If college football gets another year of publicity like last year's, the sport is likely to be doomed altogether to coverage in Crimewatch, or wherever police blotters are published.
Drug use, police actions, the flouting of academic requirements, cheating--it all went well beyond the boys-will-be-boys stage. It went far enough that one school's program was given the death sentence.
But college football probably won't get that kind of press.
If you've noticed, there's been a rediscovery and celebration of old-fashioned values, or so it would seem. It's an interesting swing of the pendulum. From Brian Bosworth's purple hair to Gordie Lockbaum's crew cut. From Miami's jungle fatigues to Penn State's blue blazers. This is the year that Alabama--win-crazy Alabama!--hires a new coach and gives him this strange mandate: Graduate your players.
Whether this backlash, this return to the wholesome '50s, survives the first kickoff is a good question.
Here are 15 more:
1. IS THIS THE YEAR OF THE QUARTERBACK?
You asked that last year, as if you'd never heard of Vinny Testaverde. But this season, it's a fair question. Oh, you'll hear about Kerwin Bell at Florida and Todd Santos at San Diego State. Probably more of Santos, who has a chance to break Kevin Sweeney's record for passing yardage. But, for once, you may hear more about catchers than passers.
Both of the returning consensus All-Americans on offense are receivers--Oklahoma tight end Keith Jackson and Stanford running back Brad Muster. A third would have been Ohio State's Cris Carter.
Almost certain to eclipse the above, however, is Notre Dame's Tim Brown, who averaged 15 yards every time he touched the ball. And Brown touches it a lot. His coach, Lou Holtz, has said that the only way to keep the ball out of Brown's hands is to intercept the pass from center.
That's a good one, Lou.
2. SPEAKING OF LOU, IS THIS THE YEAR THEY WIN ONE FOR THE QUIPPER?

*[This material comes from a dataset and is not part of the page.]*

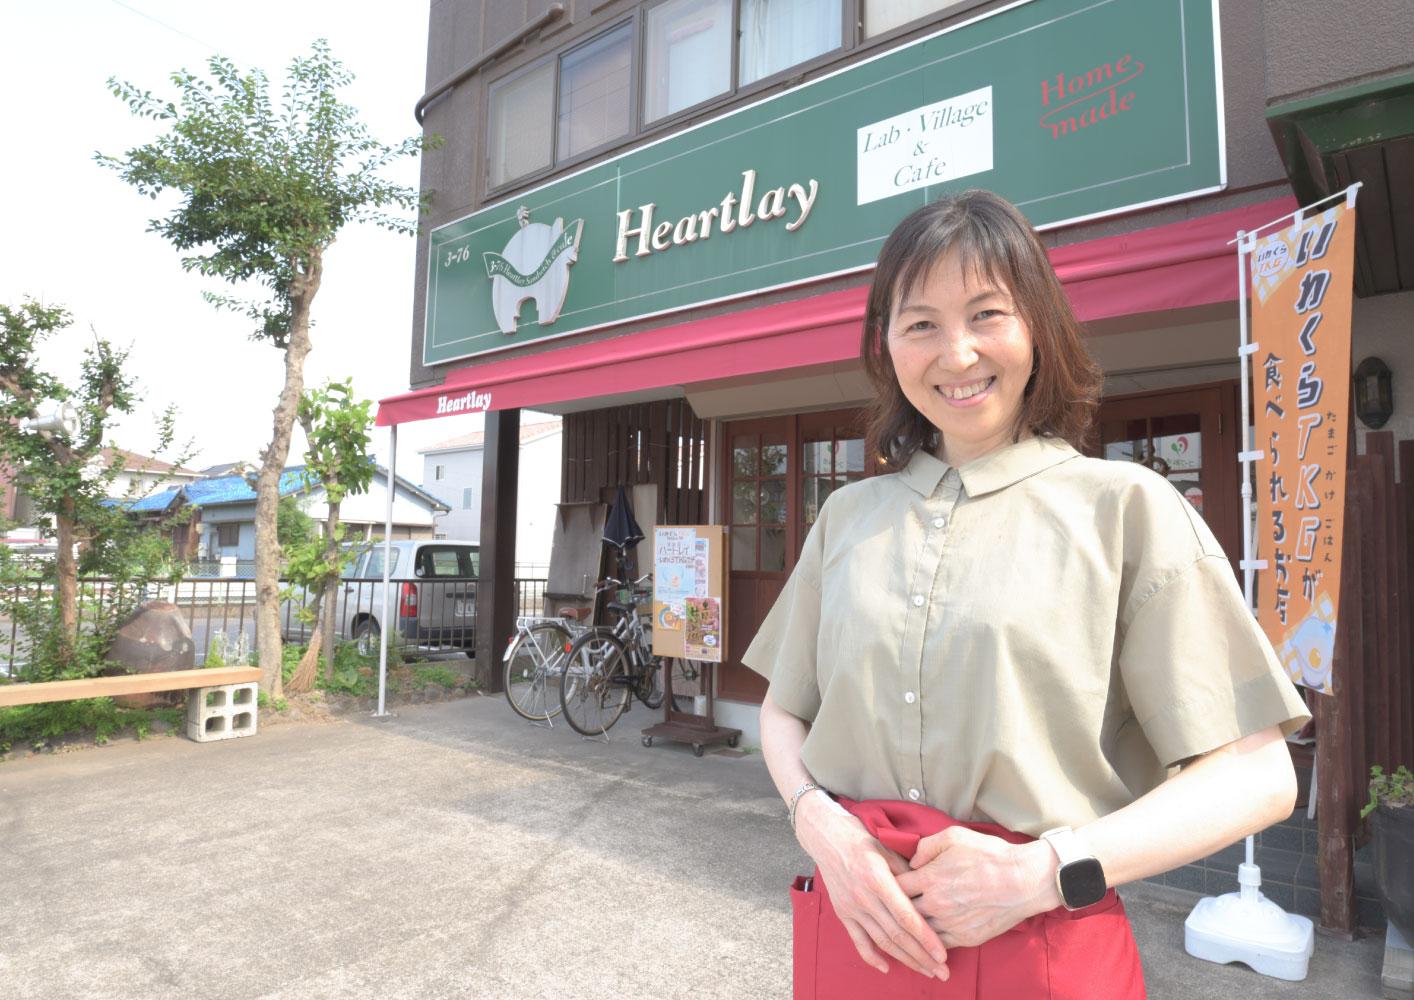 至極の卵かけごはん いわくらTKG〜Tebineri× Lab&Village Cafe (ハートレイ)〜

Probably not. The best little 5-6 team in the country last season--the Irish lost five games by a total of 14 points--once again has a tough schedule, third-toughest as rated by the National Collegiate Athletic Assn. And although they have Tim Brown, there is some question as to whether there is anybody to give him the ball.

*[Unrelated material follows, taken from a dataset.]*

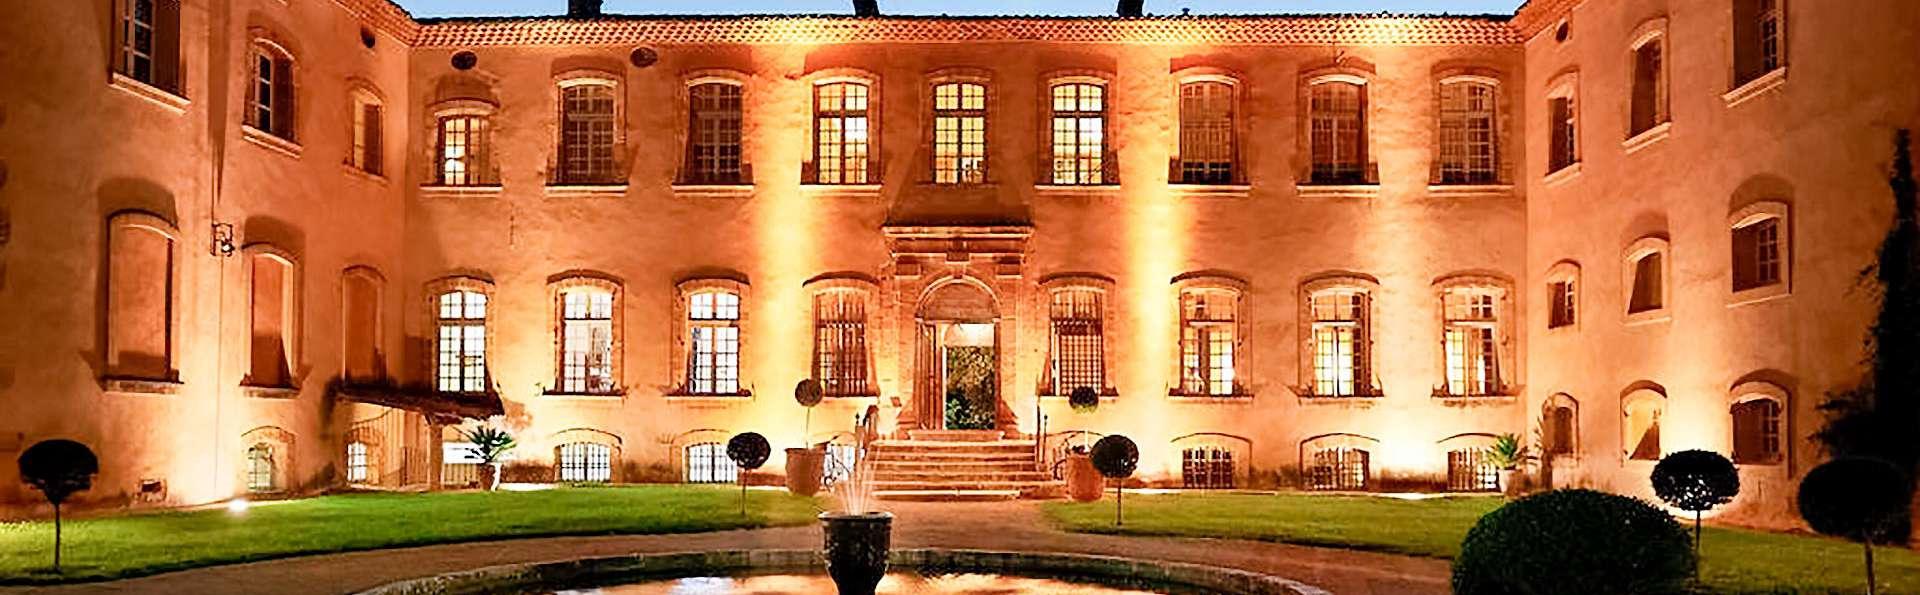 Chateau de la Pioline - EDIT_FRONT_02.jpg

Quarterback Terry Andrysiak can run the option, but can he pass it? Terry Rice, a sophomore, may be the man to do it.
"They tell me he can throw the ball 80 yards," Holtz says. "I just don't know whether it's to our guys or not."
Lou, you kill us.
3. WHY IS PENNSYLVANIA FOOTBALL THE WAY TO BET?
Because Penn State, the defending champion, has the longest winning streak in big-top football at 12 games, and Pennsylvania has the longest in Division I-AA at 11. However, the longest unbeaten streak is 50 games and that belongs to Augustana of Rock Island, Ill. It's been four years since Augustana lost a game or didn't win the Division III football championship.
Poor Columbia is the flip side. The Ivy League team hasn't won in three years, during a 31-game losing streak. Coach Larry McElreavy said he "did not find the season at all fulfilling." If this season is any less fulfilling, Columbia will break the all-time losing streak of of 34--set by Northwestern--Oct. 11 when it plays Princeton.
4. HOW COMICAL WILL THIS YEAR'S PUSH FOR THE HEISMAN TROPHY GET?
Not as comical as last year's when Temple put out a comic book for Paul (Boo Boo) Palmer, but there are possibilities. At Florida, they have invested $5,000 in a campaign for Kerwin Bell, most of the money going into a color poster titled "For Whom the Bell Tolls." Well, we know where he toils, anyway.
Bell, actually, is a deserving candidate, with the kind of hook that pulls in votes. He's a walk-on fifth stringer who not only cracked a big-time lineup but who has thrown for an awesome 5,816 yards and 47 touchdowns. However, because of previous NCAA sanctions at his school, Bell has yet to play a televised game or be seen by a bowl crowd.
Highest returning vote-getter, fifth, is Holy Cross' Gordie Lockbaum, whose hook is that he was a Division I-AA All-American on offense and defense. The campaign is low-key, although Holy Cross publicist Greg Burke invested bus fare to take Lockbaum to the big city--"The Clampetts go to New York," Burke snorted. Most of the attention has come to Lockbaum unbidden, but he will do more magazine and network interviews than other candidates combined.
Other, more likely candidates such as Michigan State's Lorenzo White, UCLA's Gaston Green and Notre Dame's Tim Brown apparently intend to campaign on their own merits. Nobody--yet--has contacted a New York PR firm as Oklahoma's Bosworth did last year.
5. WHO'S ON THE HOT SEAT THIS YEAR?
Would you believe Miami's Jimmy Johnson, whose Hurricanes came within one bowl win of a national championship in each of the last two seasons?